The Castelles were among the originators of the "Philadelphia sound", which features a high tenor lead, a bass, and tenors singing in close harmony, and minimal instrumentation. Its original members included George Grant, Ronald Everett, Anthony Octavius, William Taylor, and Frank Vance. In spite of its popularity with collectors, however, groups with the “Philadelphia Sound” only managed to have regional hits, not national ones.

Grant, lead singer of the Castelles, is an early first example of the high tenor sound, that would culminate with Frankie Lymon. Grant was 16 years old when his first record was cut. This was probably the average age for R&B singers at that time.

The Castelles met around 1949 in the choir at Sulzberger Junior High School in West Philadelphia. Overseen by Miss Joy Goings, the choir included Grant (Castelles), Taylor (Castelles), Octavius (Castelles), Sonny Gordon (Angels), George Tindley (Dreams), George Pounds (Cherokees), Karl English (Cherokees), Melvin Story (Cherokees), and Solomon Burke.

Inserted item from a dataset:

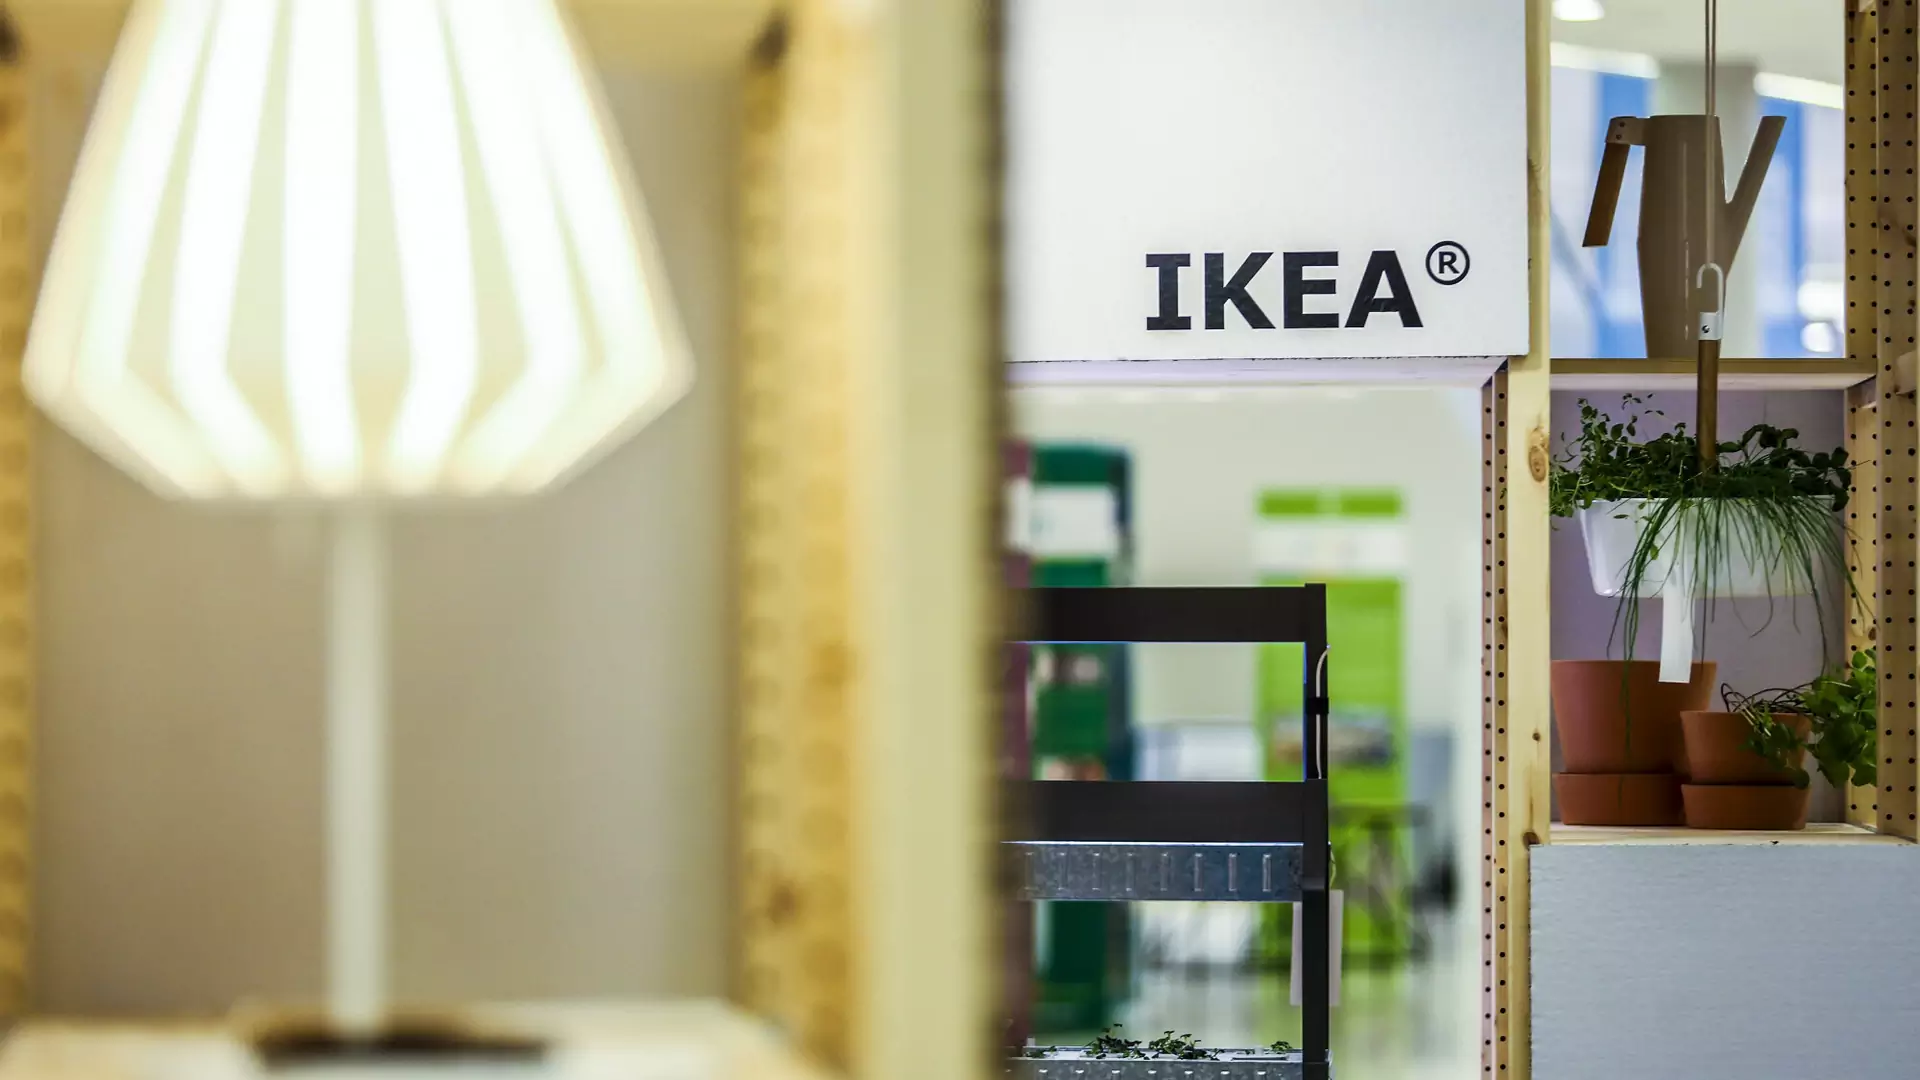 Potwierdzono, że składanie mebli IKEA wywołuje stres. Polska w czołówce rankingu

The original members of the Castelles were: George "Pepi" Grant (lead tenor), Octavius Anthony (first tenor), Billy Taylor (first tenor, second tenor, baritone), and Clarence Dunlap (bass). They first called themselves the "Royal Castelles", a name that George just thought up ("I liked the name"). George's nickname of "Pepi" was given to him years later by denizens of the poolhall he frequented; everyone got a nickname, and, because, with his straightened hair, he looked Spanish, he became "Crosstown Pepi".